The West Virginia Senate has
passed a bill 24-9 that would outlaw dismemberment abortions.
Officially known as The Unborn Child Protection from Dismemberment Abortion Act (S.B. 10) would ban abortion doctors from performing what is known as dilation and evacuation (D&E) abortion, a gruesome process which includes extracting the unborn baby’s body parts piece by piece from the womb.

photo Peter anemoneprojects via Flickr
The bill officially states that doctors are prohibited from “causing the death of an unborn child, purposely to dismember a living unborn child and extract him or her one piece at a time from the uterus.”
The bill does, however, make an exception to babies that are already dead due to miscarriage.
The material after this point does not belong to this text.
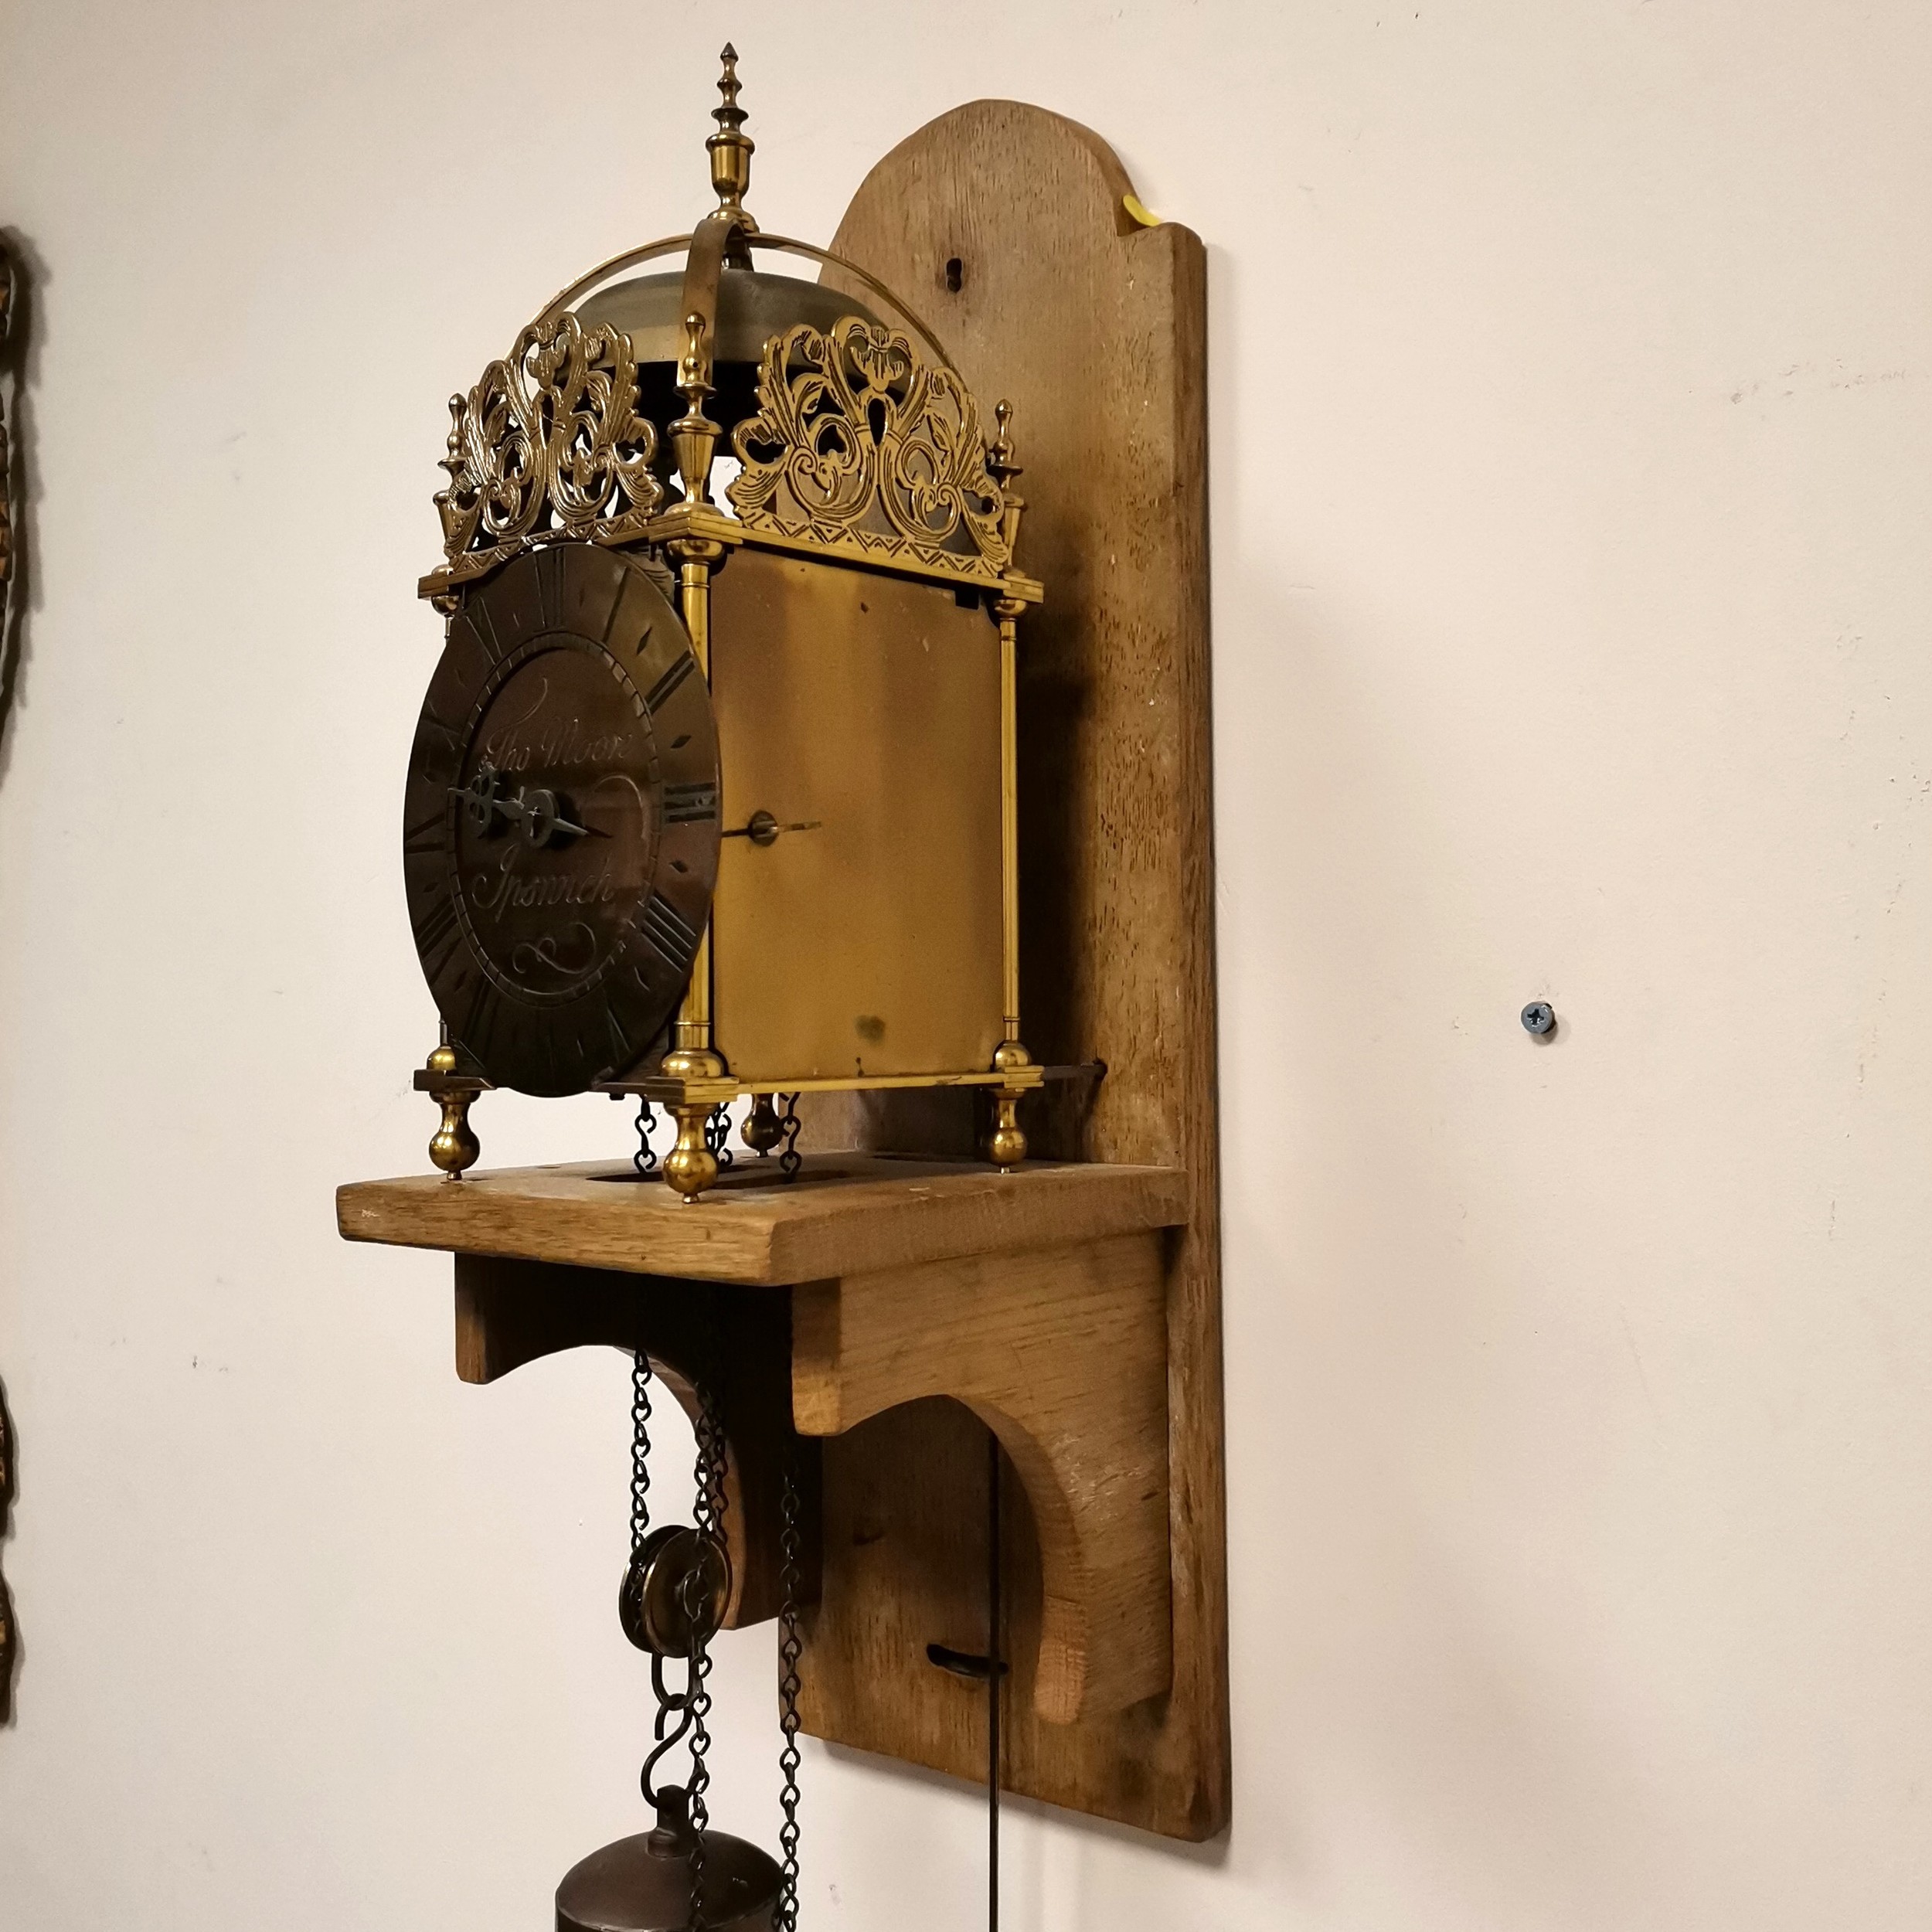 17th century style brass lantern bracket clock inscribed Thomas Moore, Ipswich on an oak wooden - Image 4 of 6
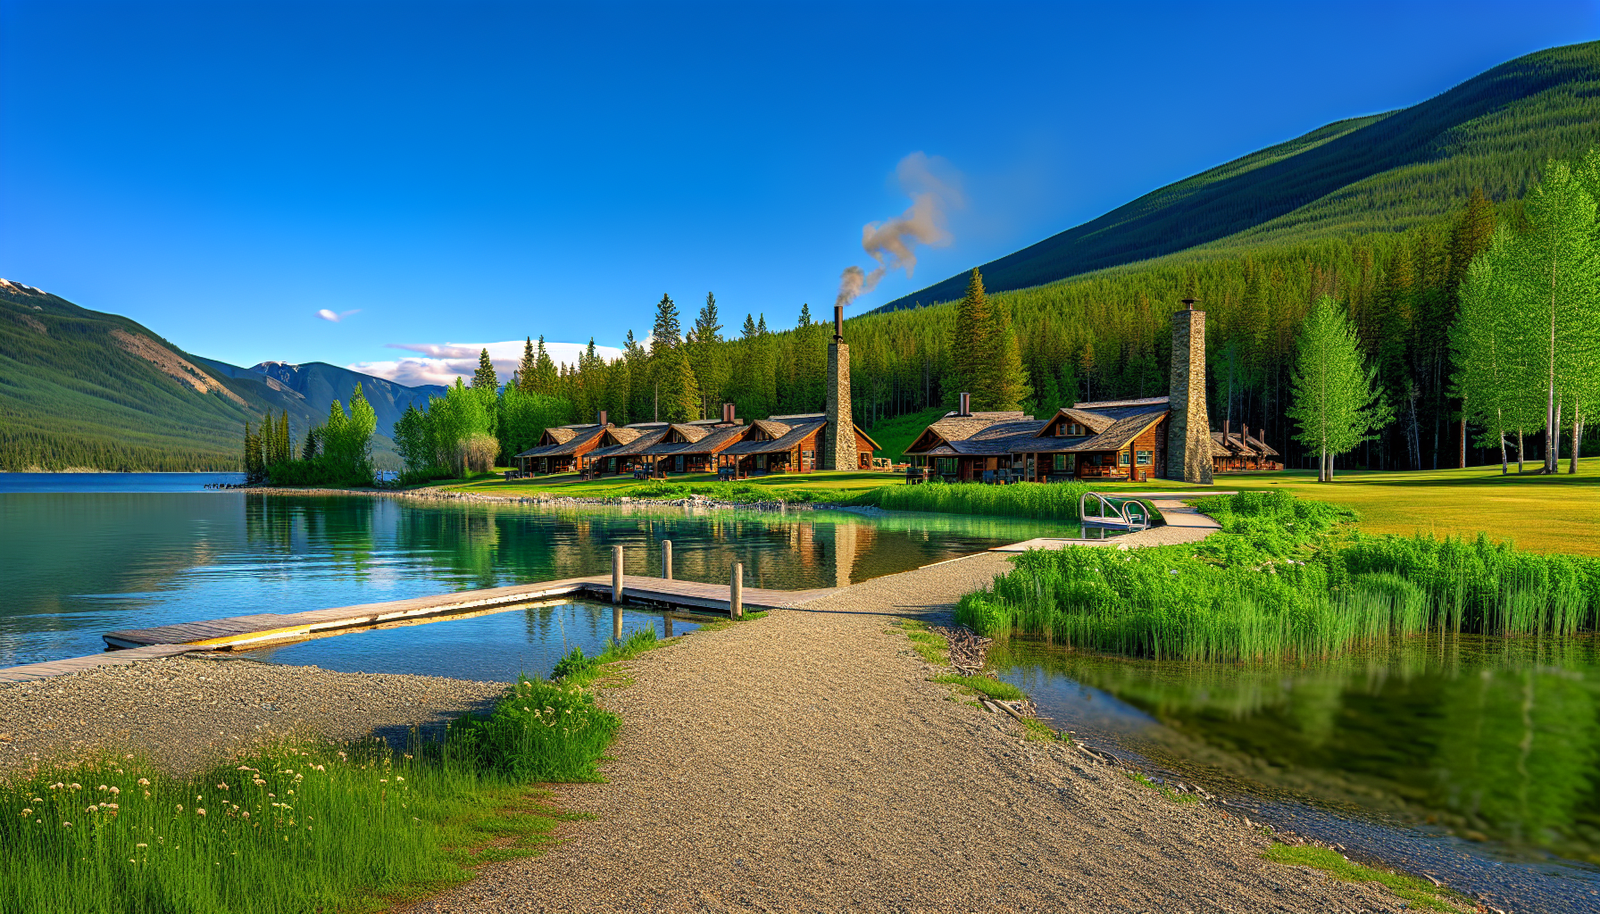 Picturesque lakeside lodgings near Kootenay Lake

“Praise God from whom all blessings flow!” said West Virginians for Life on Facebook just minutes after the vote. “Now on to the House Health Committee.”
The bill, if signed into law, would not enforce any criminal charges on doctors who continue to dismember unborn children illegally, but it could make it possible for those doctors to lose their medical licenses.
“Dismemberment abortion is a barbaric practice that we wouldn’t do to a criminal,” State Senator Dave Sypolt, R-Preston, told the Charleston Gazette-Mail.
The bill goes next to the House of Delegates.
Dr. Anthony Levantino gave gruesome testimony to the U.S. House in 2012, in which he described the common second-trimester procedure that requires the abortionist to extract the baby’s body parts by removing them one at a time.
Lawmakers have introduced similar dismemberment abortion bans in Idaho, Missouri, Minnesota, and Nebraska, and bills are expected to be filed in Kentucky, Michigan, New Hampshire, New Jersey, Rhode Island, and South Carolina, according to the Center for Reproductive Rights.